As described above, the device of the present invention is extremely capable of appropriately selecting between hemofiltration and hemodialysis in one device by switching the three-way switching valves 6 and 7 provided in the dialysate inlet flow path and the dialysate outlet flow path. It is a practical device.

[Brief explanation of the drawing]

FIG. 1 is a flow diagram of the device of the present invention. 1... Blood extracorporeal circulation channel, 2... Hemodialyzer,
3... Dialysate introduction channel, 4... Dialysate outlet channel,
5... Negative pressure pump, 6, 7... Three-way switching valve, 8...
...Bypass flow path, 9...Overflow flow path, 1
0...Storage tank, 11...Liquid measuring means.

Claims (1)

[Scope of utility model registration request] Hemodialyzer 2 installed in extracorporeal blood circulation channel 1
A dialysate introduction channel 3 and a dialysate outlet channel 4 are connected to the dialysate inlet and outlet of the dialysate, and a negative pressure pump 5 provided in the dialysate outlet channel introduces the dialysate into the hemodialyzer to collect blood.

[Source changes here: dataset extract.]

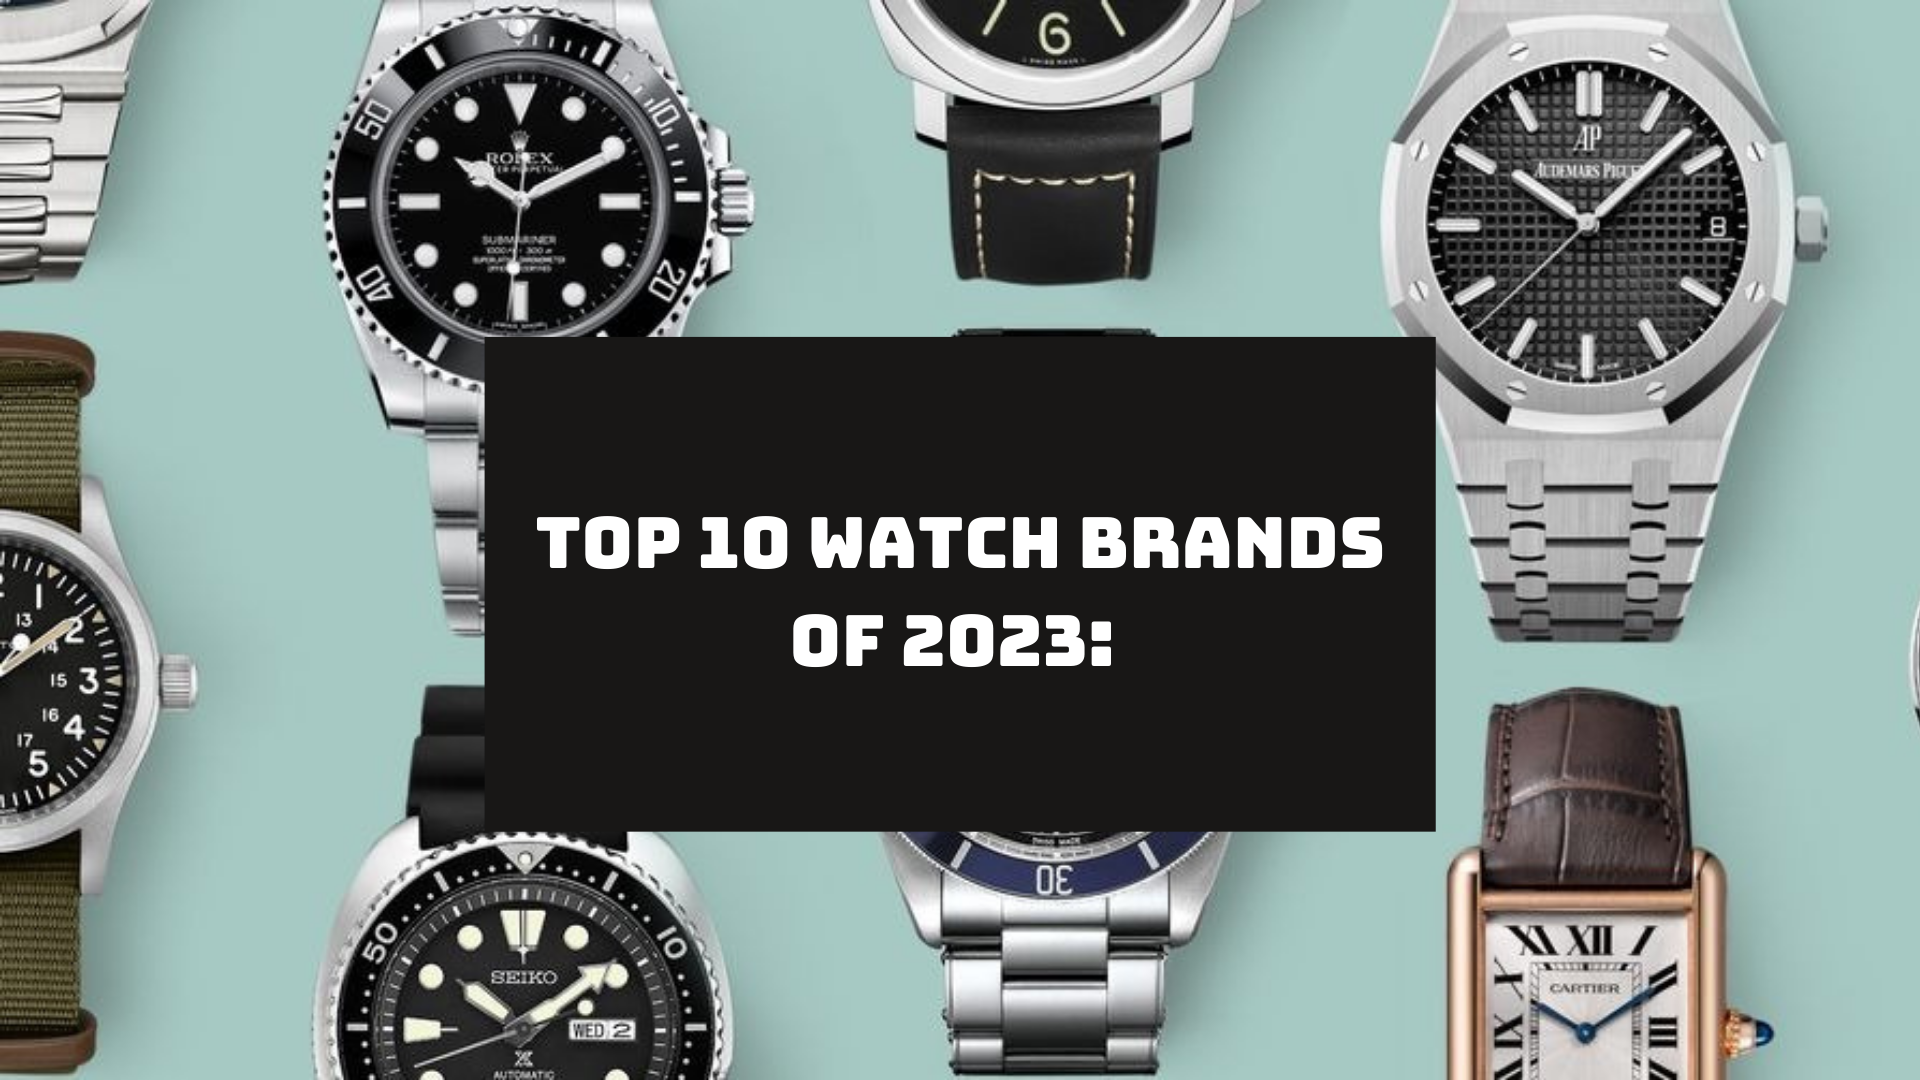 Where does the name of your favorite watch brands come from

A hemodialysis apparatus for purification, in which three-way switching valves 6 and 7 are installed downstream of the negative pressure pump 5 in the dialysate introduction channel 3 and the dialysate outlet channel 4, and the two three-way switching The valves are connected by a bypass flow path 8, and a storage tank 10 having an overflow flow path 9 is provided in the bypass flow path, and the dialysate is passed through the hemodialyzer in a single pass during hemodialysis using the two three-way switching valves. A flow path is formed, a circulation flow path is formed between the bypass flow path and the hemodialyzer during blood flow, and the liquid overflowing from the storage tank is measured by the liquid measuring means 11. Hemodialysis equipment.